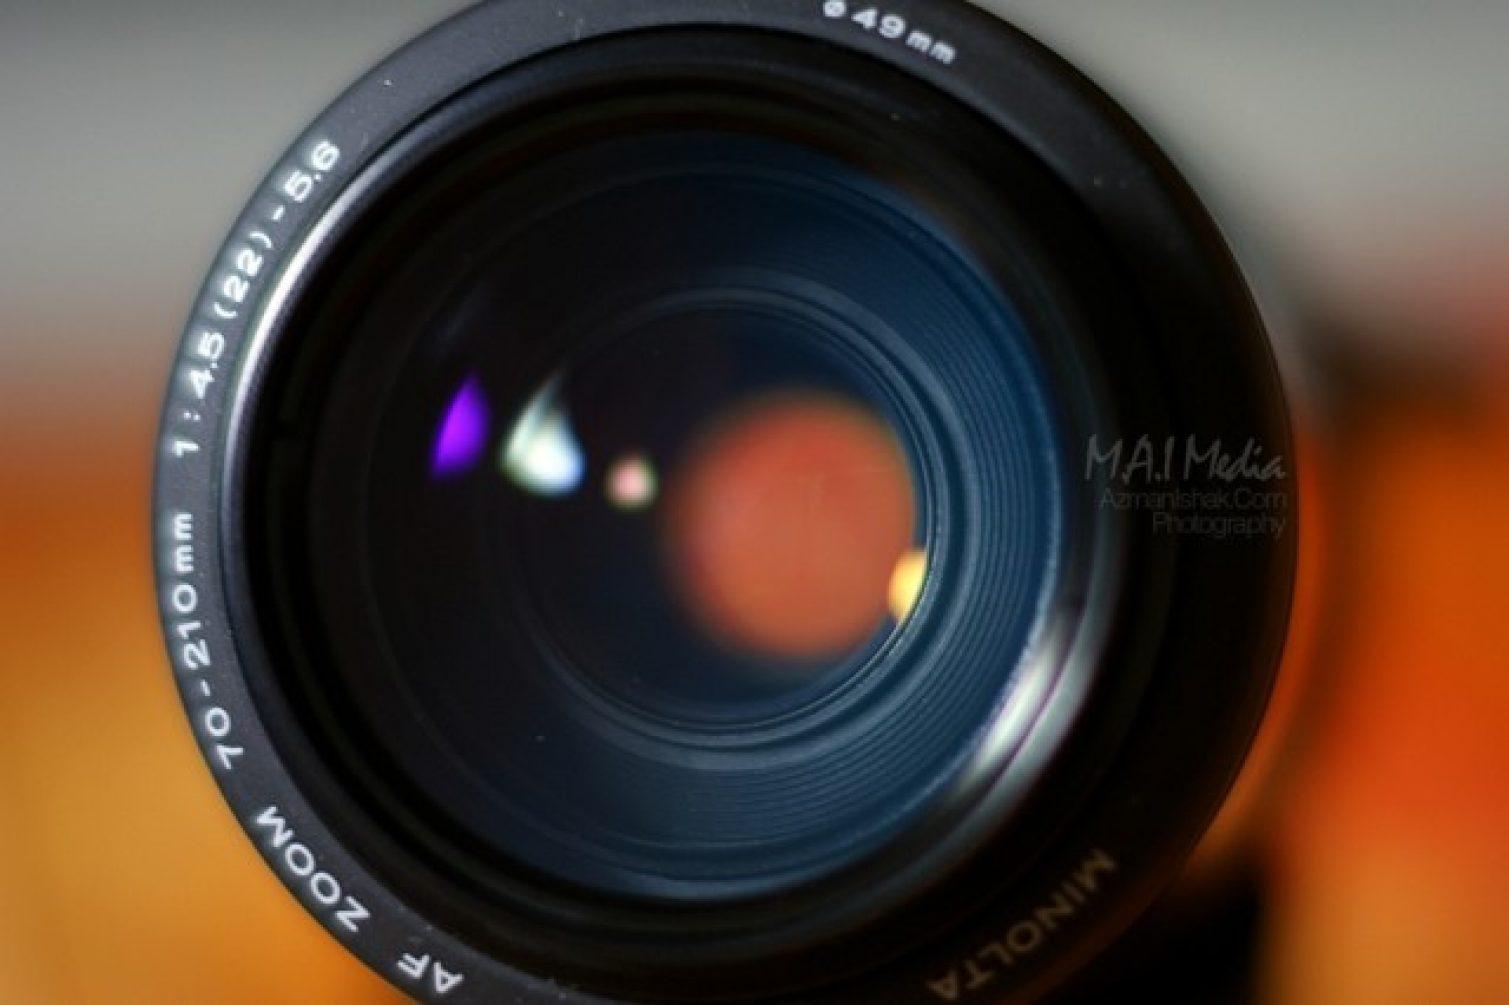 BigPicture: Minolta 70-210mm AF 4.5-5.6
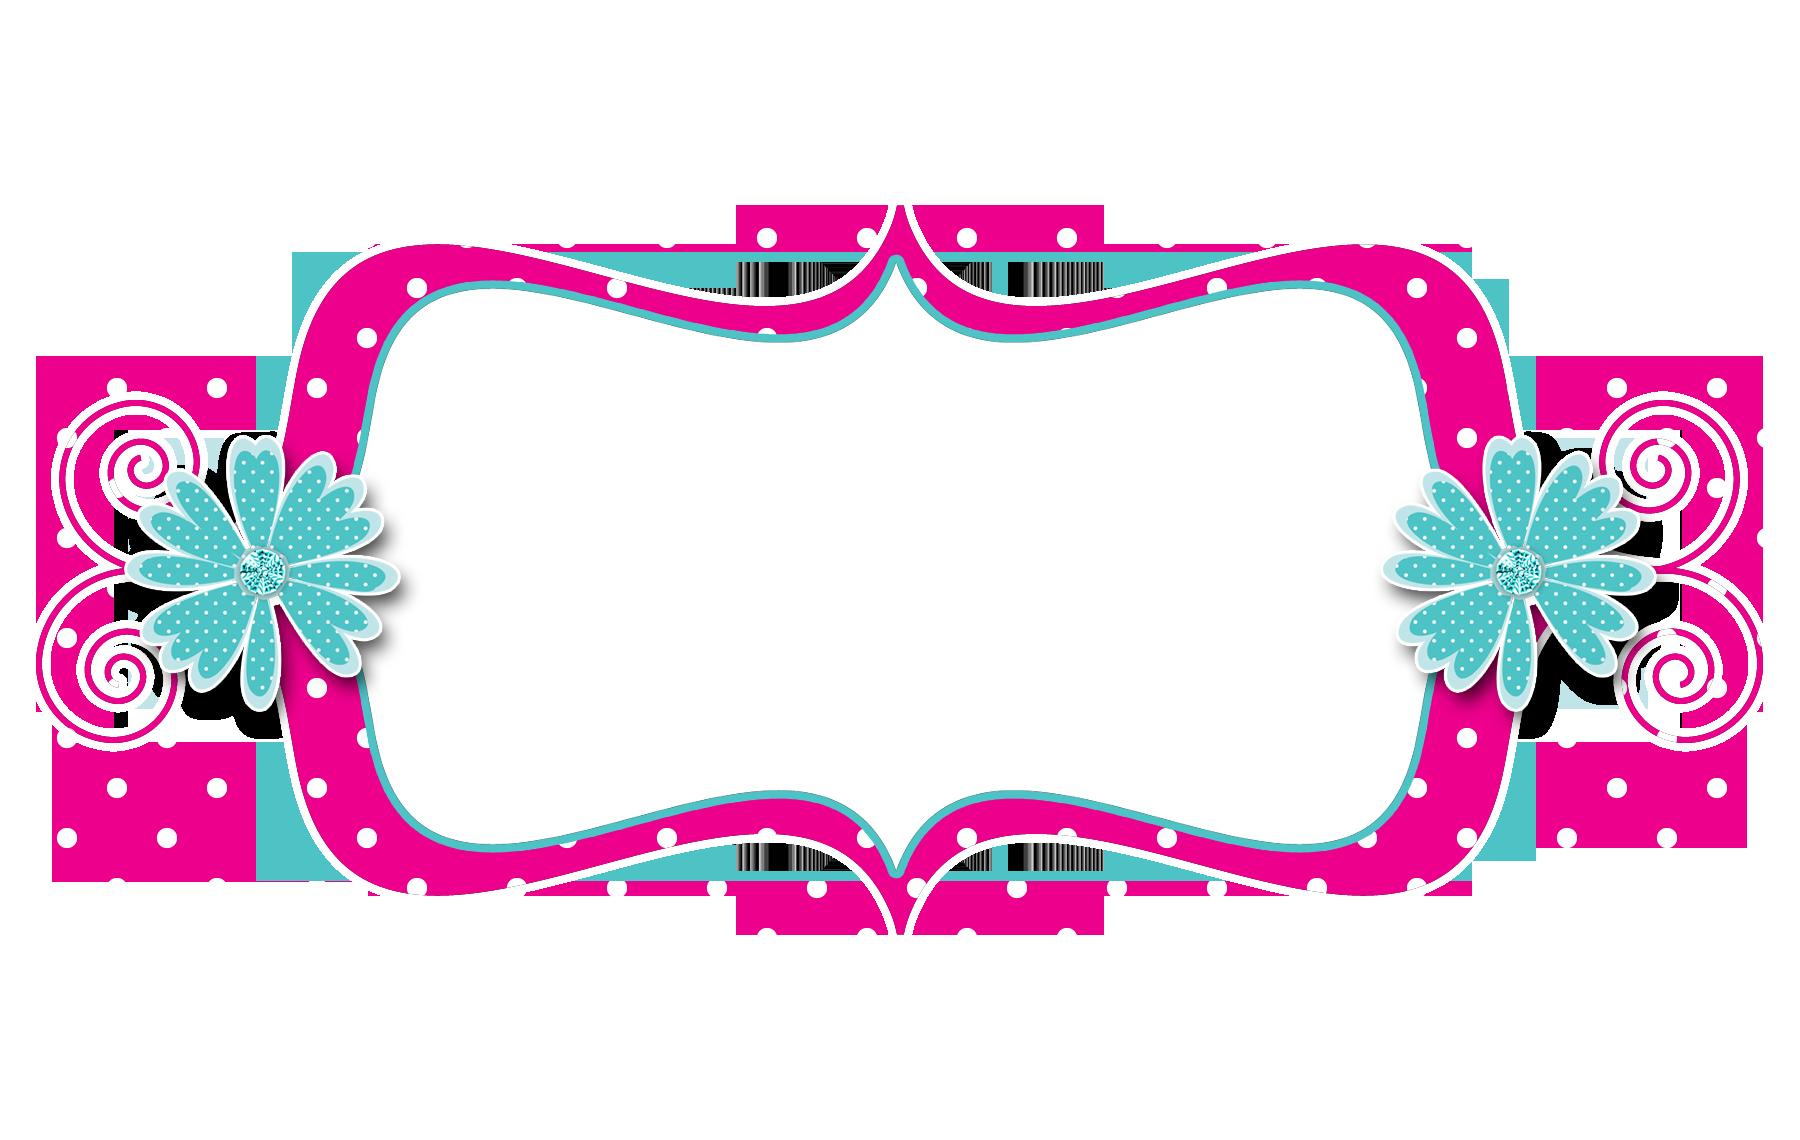 Polka Dot Border Clipart | Free download best Polka Dot Border ...
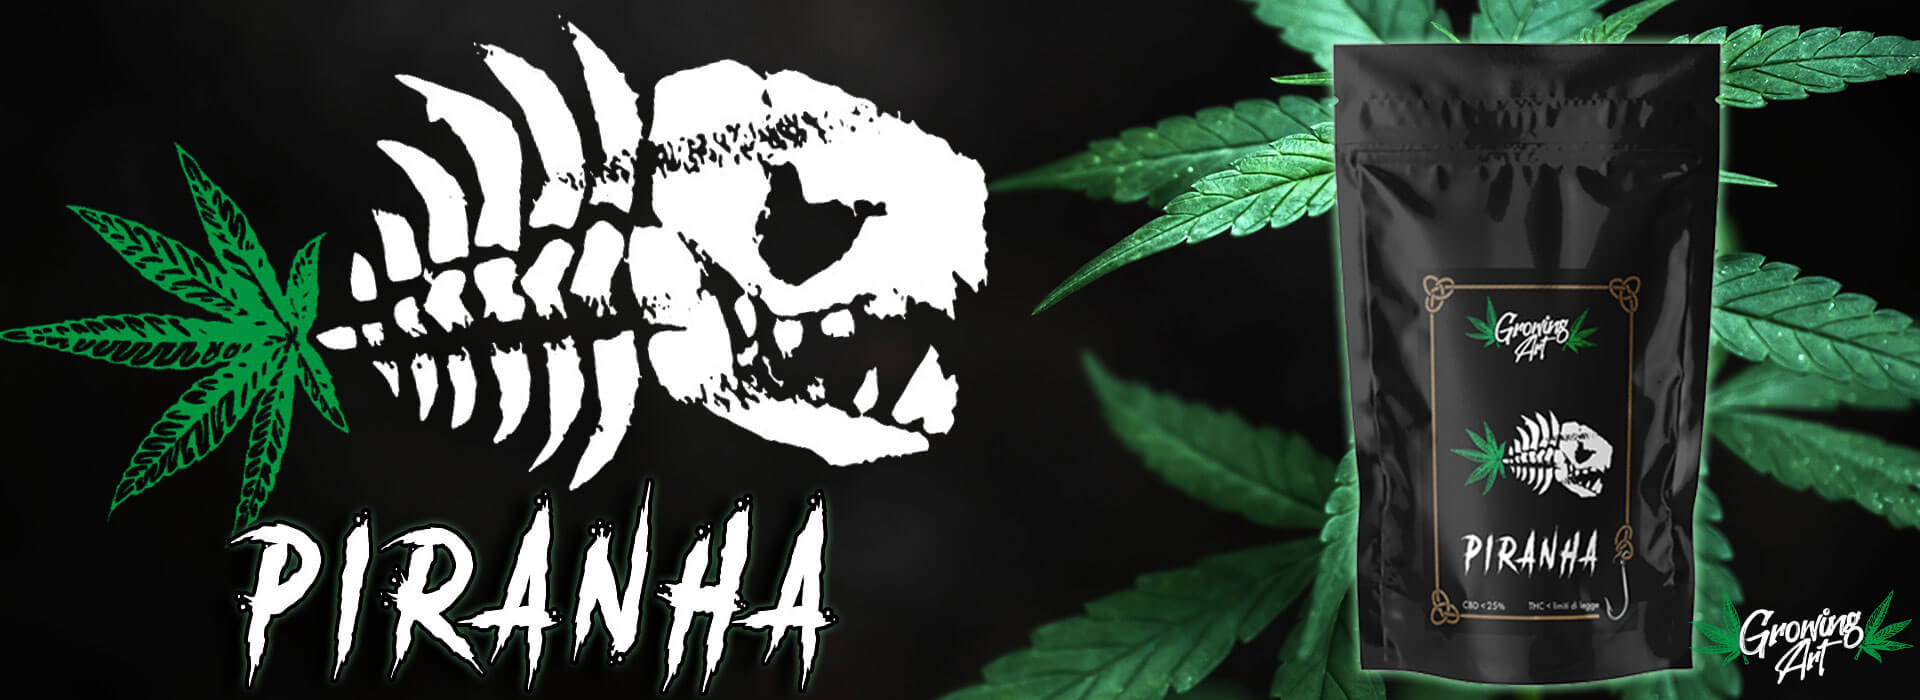 Shop cannabis legale – Infiorescenze canapa light CBD Growing Art Piranha - Slider

========================================

▸ ASSIGNED TASK
Retype all the data exactly; skip the pictures.

▸ THE COMPLETED TASK
 BigPicture: Minolta 70-210mm AF 4.5-5.6
 Polka Dot Border Clipart | Free download best Polka Dot Border ...
 Shop cannabis legale – Infiorescenze canapa light CBD Growing Art Piranha - Slider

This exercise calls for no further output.